- Opening Delimiter -

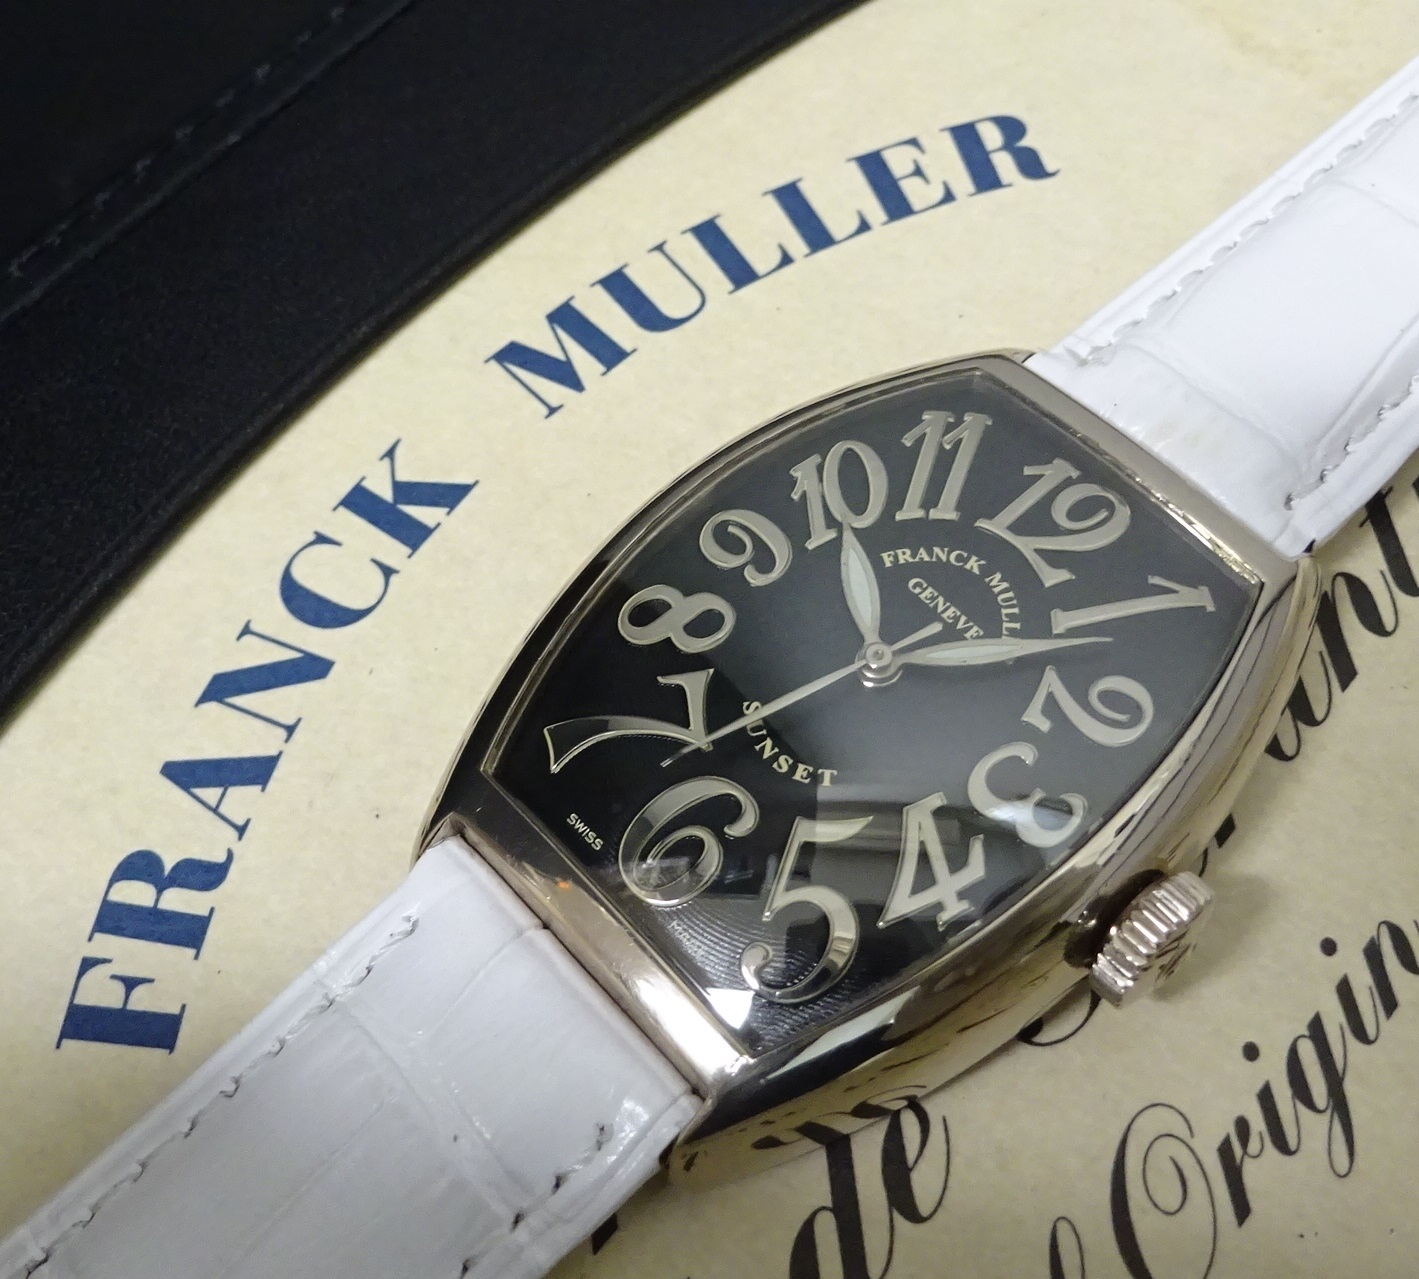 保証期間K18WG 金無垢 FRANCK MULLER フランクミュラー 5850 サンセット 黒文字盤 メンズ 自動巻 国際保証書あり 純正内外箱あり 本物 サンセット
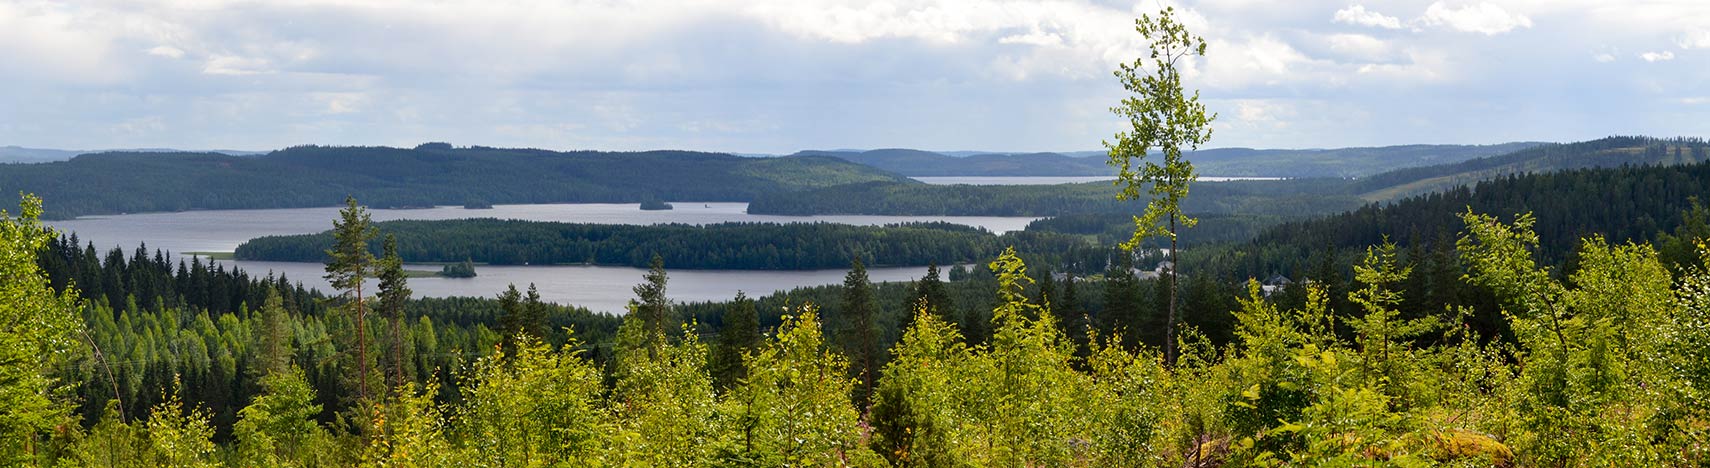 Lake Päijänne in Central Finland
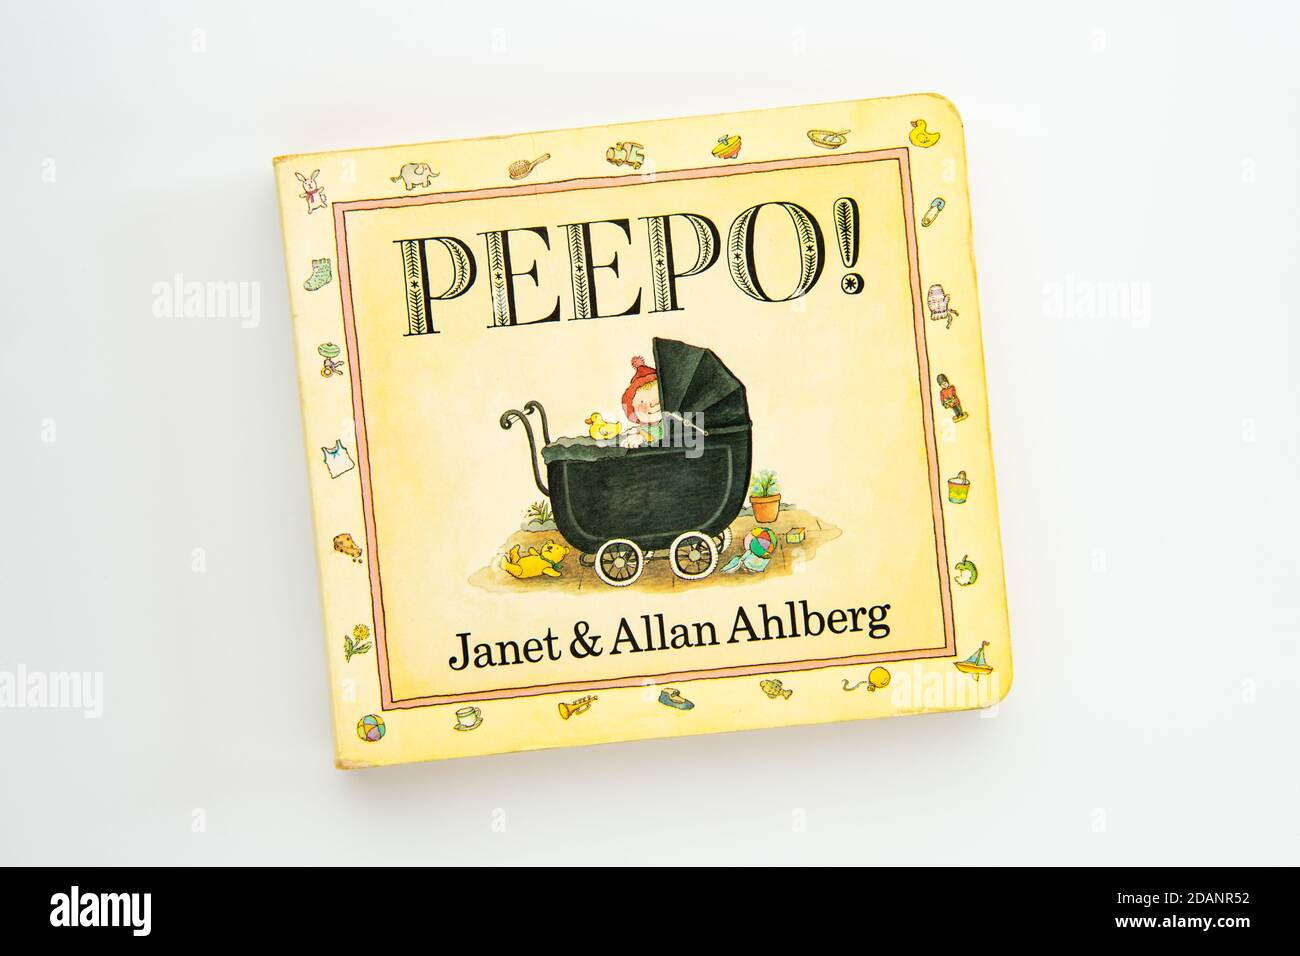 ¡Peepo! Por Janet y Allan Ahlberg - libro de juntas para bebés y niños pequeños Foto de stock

- Closing Delimiter -

Please set down each line of the listing above word for word, skipping any pictures.

Solution.
 保証期間K18WG 金無垢 FRANCK MULLER フランクミュラー 5850 サンセット 黒文字盤 メンズ 自動巻 国際保証書あり 純正内外箱あり 本物 サンセット
 Lake Päijänne in Central Finland
 ¡Peepo! Por Janet y Allan Ahlberg - libro de juntas para bebés y niños pequeños Foto de stock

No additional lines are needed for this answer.